In the beginning
Speech-generating devices have been around since the late 1970s. For decades, these devices were expensive, and were mostly used for communication, and not for language development. As a result, they were mostly only used by adults and teenagers who had already acquired language. At first, most of the voices available then were American and male, which didn’t represent the diversity of Augmented and Alternative Communication (AAC) users. Female voices, as well as other accents and languages, only came along later.
The development of low-cost AAC solutions like Proloquo2Go in 2009 paved the way for lowering the barriers for AAC use. Now, this innovative technology was available to people for whom it might have been considered a risky investment before - for example, a child who still needed to develop language skills before they could start to communicate.
Even though this technology was now available for a wider audience, this still did not address the nearly half of AAC users under the age of 12. With no genuine children’s voices yet available, users made do adult voices or artificially modified voices with raised tones that sounded like they had inhaled helium. This meant that most young AAC users had to speak in a voice they could not identify with and which seemed unnatural or implausible to their communication partners.
Taking on the challenge
Based on requests from users, and our knowledge of the AAC world, we decided to start offering our young users the best AAC experience possible with genuine children’s voices. Since there were none available, we teamed up with Acapela Group, one of the leading Text to Speech companies, to take on the challenge of creating the first genuine children’s voices for Text to Speech.
How does it work?
Text to Speech voices are based on real recordings of a voice talent reading from a long script in the studio. Recording all of the words in a language would take way too long, so the script is designed to contain as many sounds and sound combinations as possible. This takes a great deal of research, because the sounds necessary will differ per language. Speech is then synthesized by the Text to Speech software which creates words by combining sounds together. Once the recordings are made, the voices still require a lot of processing and testing to sound as natural as possible. All told, it took Acapela Group and AssistiveWare about a year to develop the first two children’s voices.

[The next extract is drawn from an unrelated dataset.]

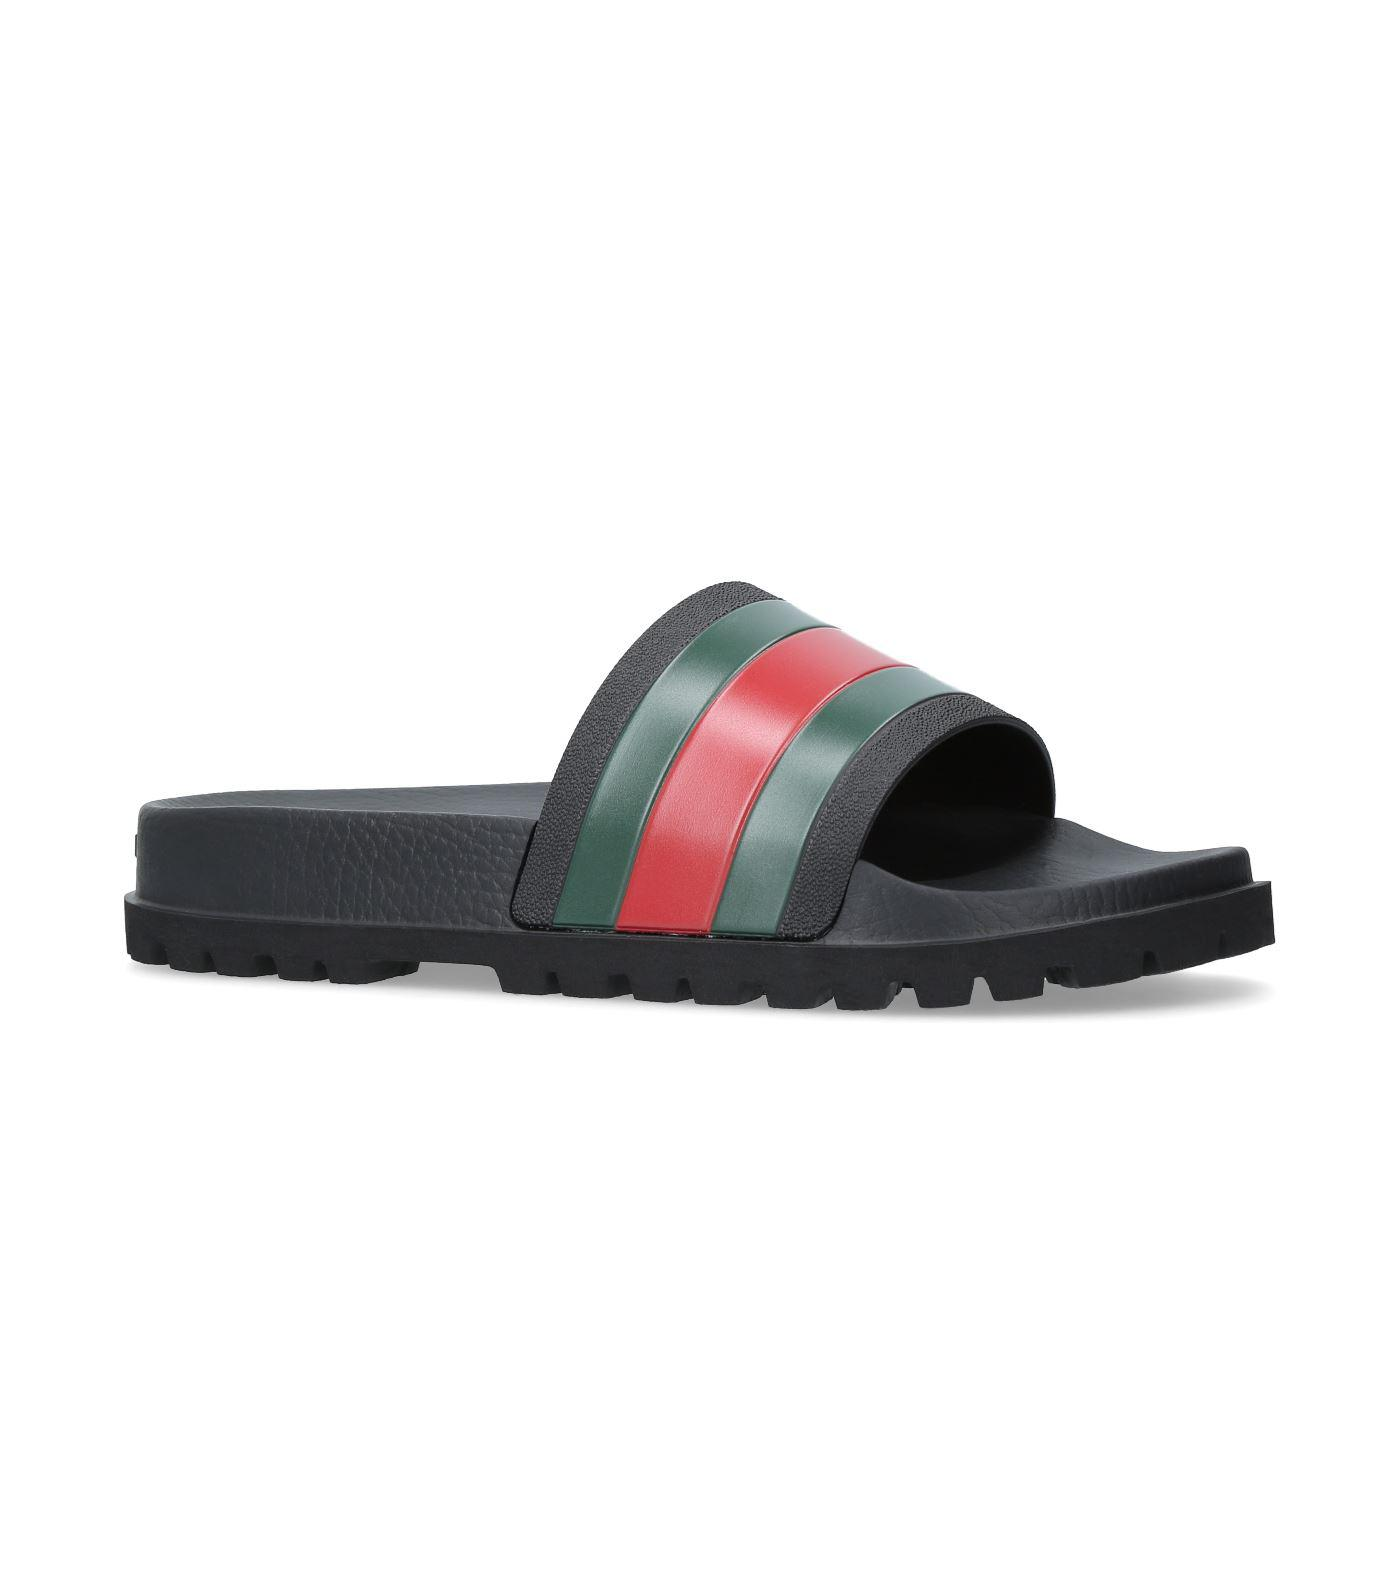 fde1bfa1192e7 Lyst - Gucci Pursuit 72 Rubber Slides in Black for Men - Save 32%
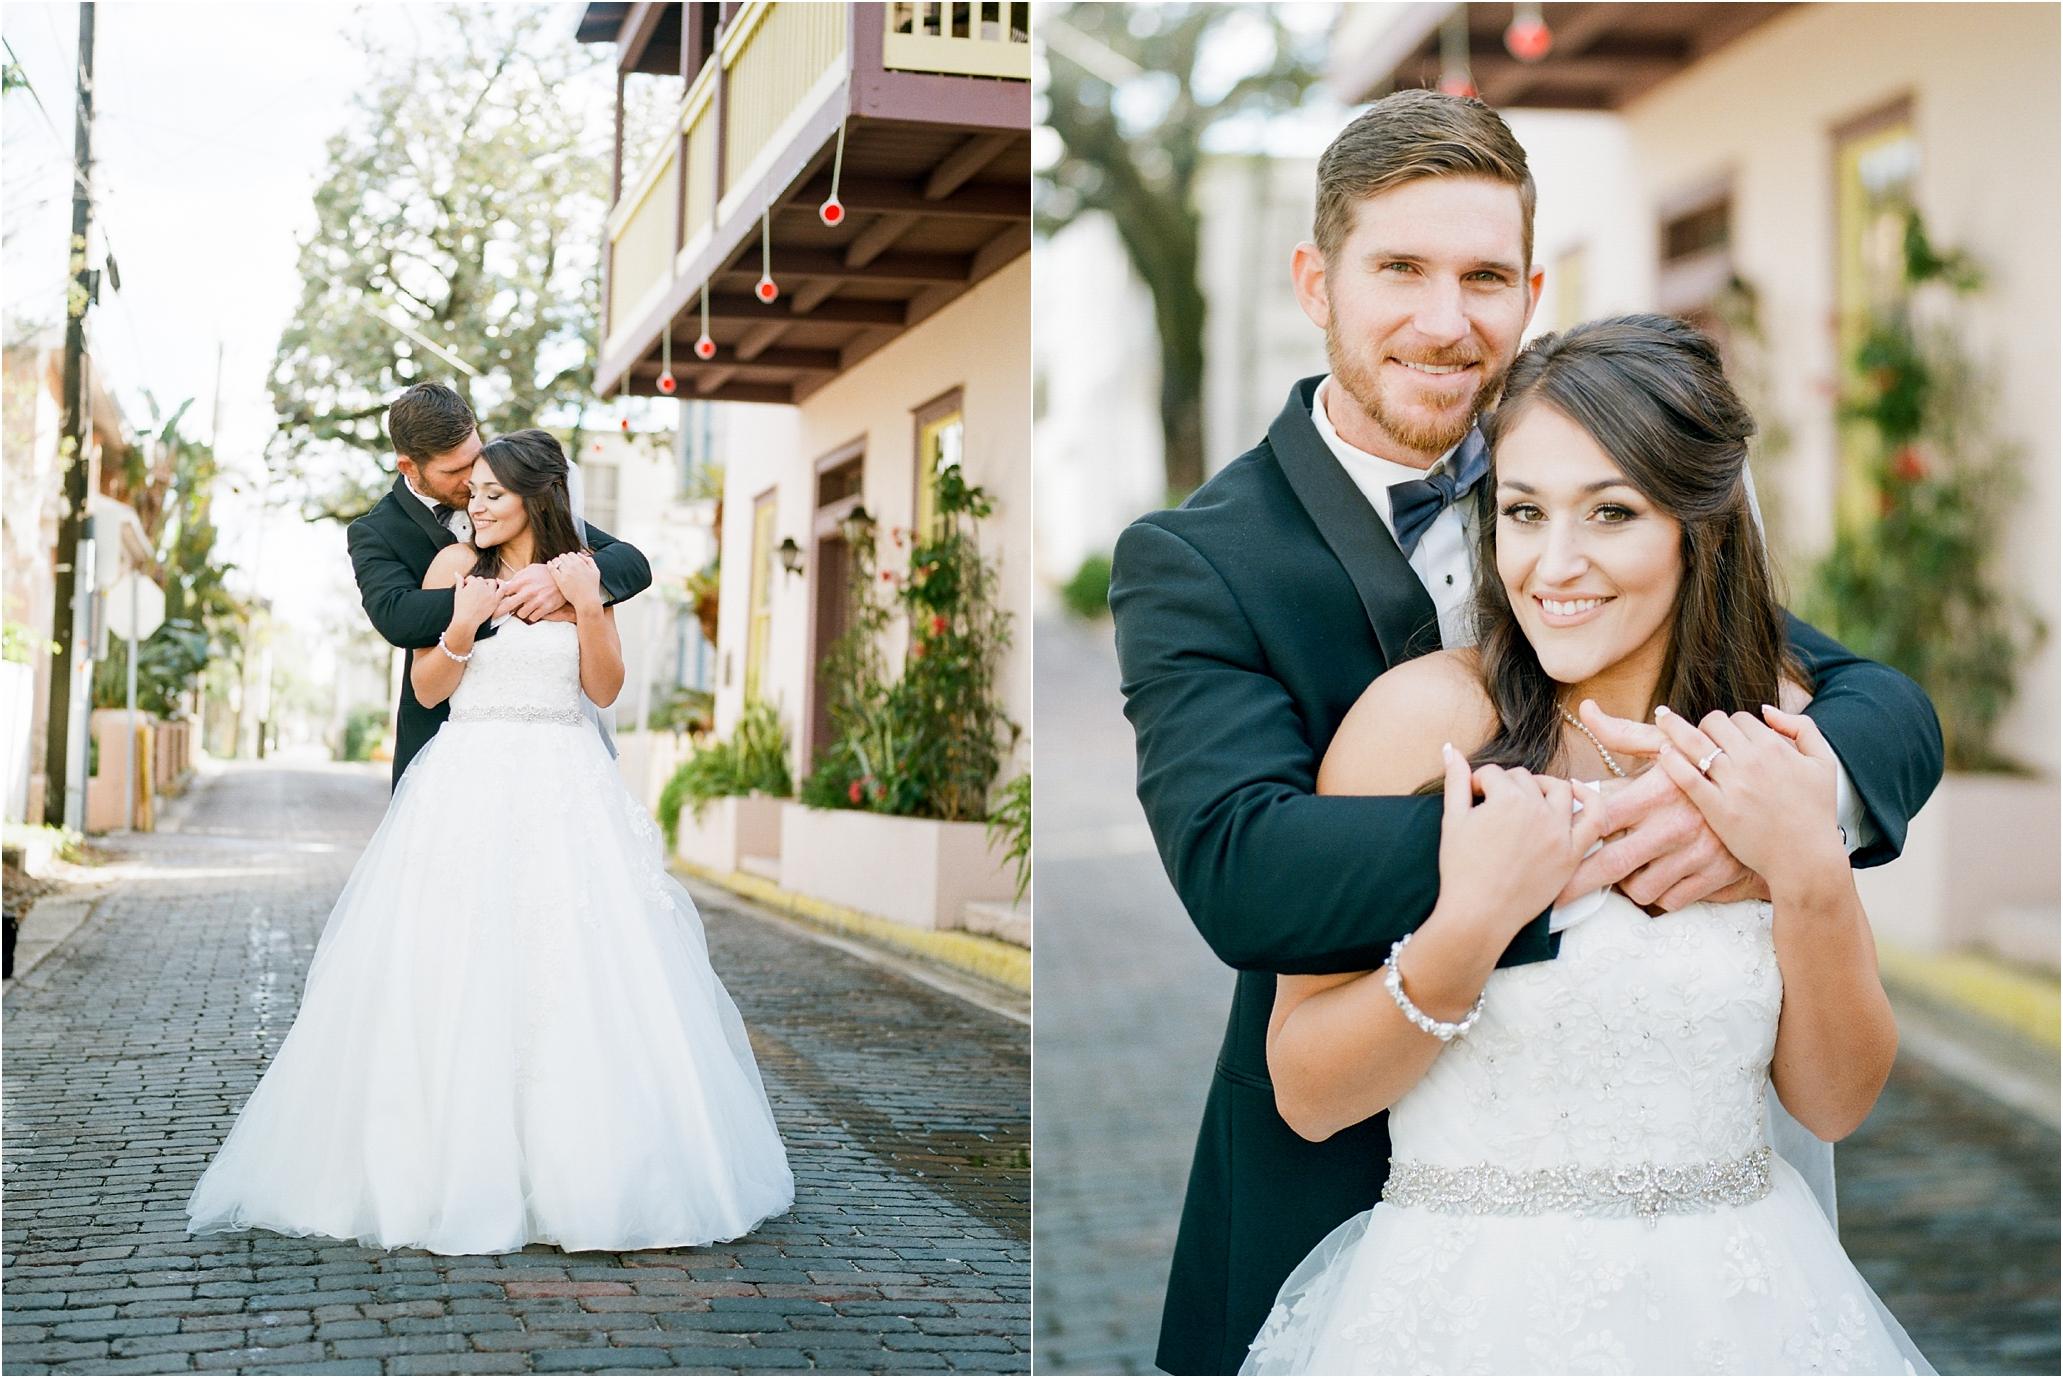 Lisa Silva Photography- Ponte Vedra Beach and Jacksonville, Florida Fine Art Film Wedding Photography- Wedding at The White Room Villa Blanca in St. Augustine, Florida_0039.jpg

The real key to each of these voices is the talent. Recording children is especially difficult because they need to sound young, but be able to read well and have the discipline to spend days in the studio for recording. The videos below show you how we recorded recorded the British and American children’s voices.
Innovating for the future
We released the first British children’s voices in 2012, and the American children’s voices followed soon after. Because we recognized the demand and impact these can have on our user’s lives, we collaborated with Acapela Group on children’s voices for even more languages: Australian English and German in 2013, bilingual American Spanish and English in 2014, French and Swedish in 2016, and Italian in 2017 and Dutch in 2018. Offering voices for more languages, regional accents and age groups is an important project for AssistiveWare, as we recognize the diversity and individuality of our users.
In addition to increasing the number of languages offered, synthesis technology has continued to improve. We also report any awkward sounding words or intonation to Acapela Group, who fine-tune them based on these suggestions.
The impact of these voices on our users has been tremendous. They’re available for free in all of our AAC apps: Proloquo2Go, Pictello, and Proloquo4Text. But since we recognized the value that these voices might have for users of other apps, we agreed with Acapela Group that they could license the voices for other uses. As a result, now over 20 other companies are using the children’s voices we helped to create.